Thereafter, plaintiffs filed the instant action seeking uninsured motorist benefits under that same policy. The trial court in this action determined defendant was again entitled to summary disposition under MCR 2.116(C)(7) (prior judgment) based upon the determination in the prior action that defendant was entitled to rescind the insurance policy. The trial court concluded that the prior determination precluded plaintiffs from pursuing their uninsured motorist claims in this case. Plaintiffs now appeal and we affirm.
ANALYSIS
We turn first to the question whether the trial court correctly determined that the prior determination must be applied in this case under the doctrines of res judicata and collateral estoppel. In reviewing a grant of summary disposition under MCR 2.116(C)(7), this court’s review is de novo. Washington v Sinai Hosp of Greater Detroit, 478 Mich 412, 417; 733 NW2d 755 (2007).
-1- I. RES JUDICATA
As stated in Adam v Bell, 311 Mich App 528, 532; 879 NW2d 879 (2015):
The doctrine of res judicata bars a subsequent action when “(1) the prior action was decided on the merits, (2) both actions involve the same parties or their privies, and (3) the matter in the second case was, or could have been, resolved in the first.” Adair v [Michigan, 470 Mich 105, 121; 680 NW2d 386 (2004)]. In addition, the prior action must also have resulted in a final decision.
Plaintiffs focus on the third element, pointing to the following discussion in Adam, 311 Mich App at 532-533:
Michigan's broad interpretation of the third element of the res judicata doctrine has been referred to as a “same transaction test,” as distinguished from a “same evidence test.” Adair, 470 Mich at 123–125. Under the same-evidence test, the issue is whether the same evidence is required to prove the claimed theory of relief. Id. Under the same-transaction test, the question is more pragmatic, with claims viewed in factual terms regardless of the number of variant legal theories that might support relief. Id. The fact that differing claims may require different evidence might be relevant to deciding if the claims arise from the same transaction, but it is not dispositive. Id. at 124–125. Rather, quoting 46 Am. Jur. 2d, Judgments, § 533, p. 801, and adding emphasis, our Supreme Court has stated, “ ‘Whether a factual grouping constitutes a “transaction” for purposes of res judicata is to be determined pragmatically, by considering whether the facts are related in time, space, origin or motivation, [and] whether they form a convenient trial unit....’ ” Adair, 470 Mich at 125 (alteration in original). Using this pragmatic approach, we conclude that although plaintiff's PIP action and her tort and contract action both arose from the same automobile accident, the actions also have significant differences in the motivation and in the timing of asserting the claims, and they would not have formed a convenient trial unit. Further, applying res judicata to the facts of this case would not promote fairness and would be inconsistent with the Legislature's intent expressed through the no-fault act. The no-fault act provides for the swift payment of no-fault PIP benefits. On the other hand, it severely restricts the right to bring third-party tort claims that would form the basis for a UM contract claim.
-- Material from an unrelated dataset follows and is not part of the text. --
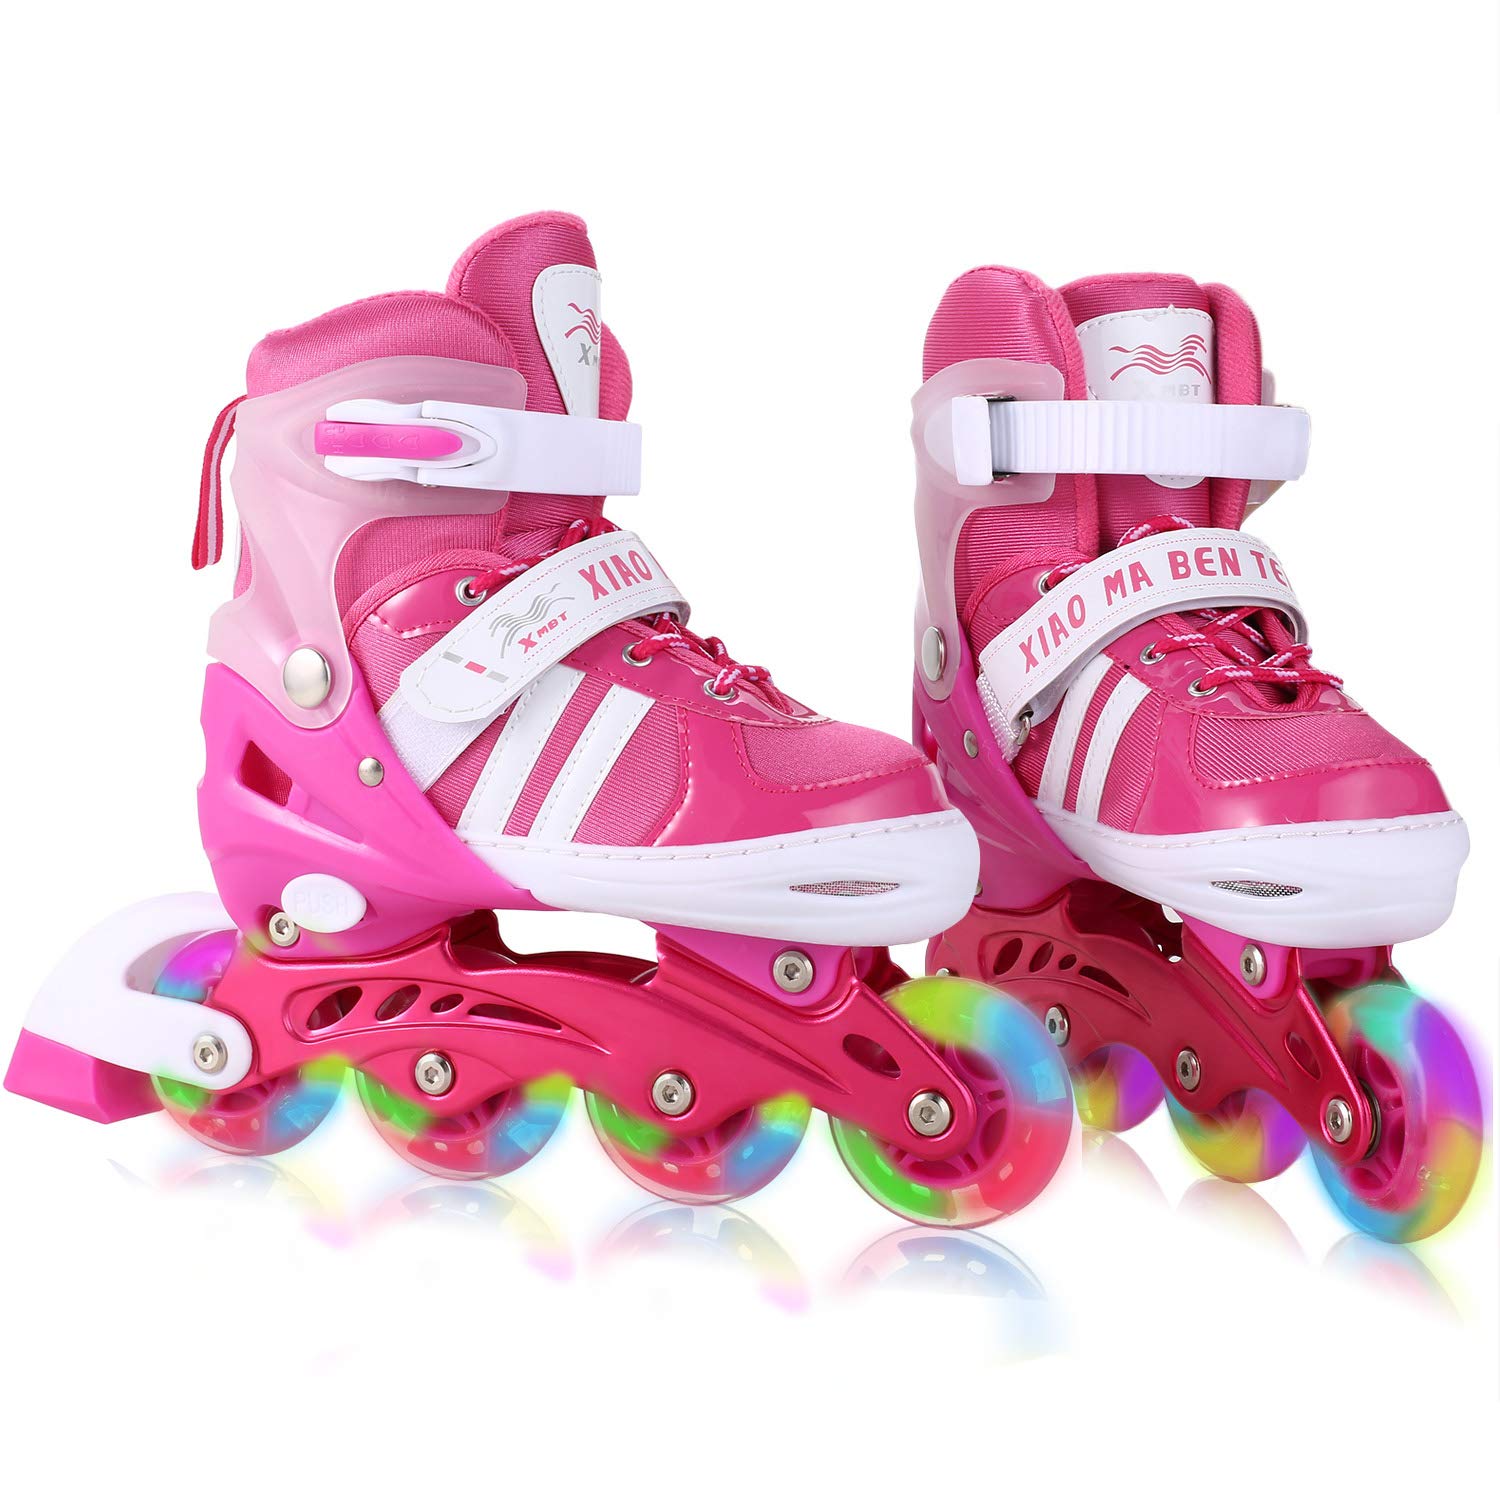 Dongchuan Inline Skates Women/Men Adjustable Size 5-8 Kid 12J-2/2-5 for Boys Girls Aggressive Roller Skates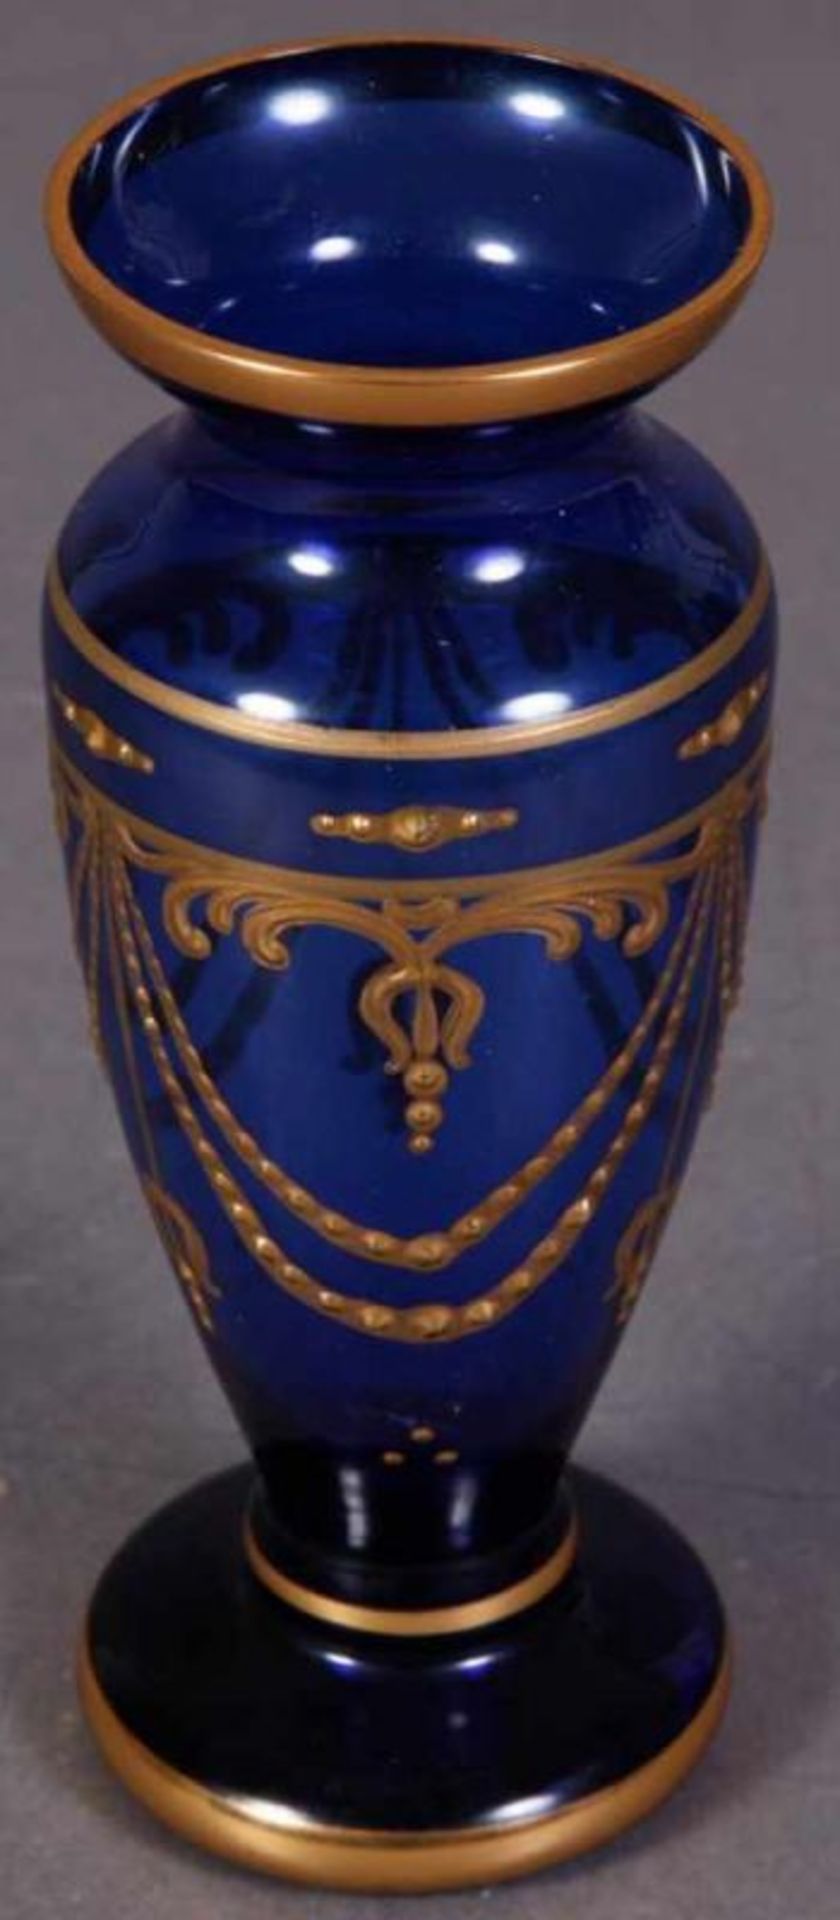 Blaue Tischvase/Glasvase mit reichem Golddekor, um 1900. Höhe 16,5 cm. - Image 2 of 5

This is not applicable in this case. In Adam, the plaintiff filed an action for PIP benefits. After that case was resolved, the plaintiff then brought another action for benefits under the uninsured motorist benefits of the policy. Adam, 311 Mich App at530-531. The trial court dismissed the second action based upon res judicata. This Court reversed, holding the PIP claims and the tort claim were separate. But in this case, both cases are being resolved on the same issue: rescission based upon misrepresentation.
Moreover, plaintiffs specifically included a count in the original action with respect to uninsured motorist benefits. Count IV in plaintiffs’ First Amended Complaint in the prior action, titled “DECLARATORY RELIEF AS TO ALL PLAINTIFFS,” included the following: “41. The
-2- Court must determine the following: . . . e. the available uninsured and/or underinsured motorist coverages applicable to the claim . . . .” Accordingly, the prior action did involve a claim for uninsured motorist coverage.
Indeed, the trial court’s grant of summary disposition centered on the fact that the complaint in the prior action did include a count for declaratory relief, which included a determination of any uninsured motorist benefits:
THE COURT: I agree with most of what the, uh, plaintiff has said and that the positions—most of the positions taken by the plaintiff in response to the motion for summary disposition, uh, but the earlier case did include a count six, seeking declaratory relief and a, uh, determination of the available uninsured and/or underinsured motorist coverages applicable to this claim.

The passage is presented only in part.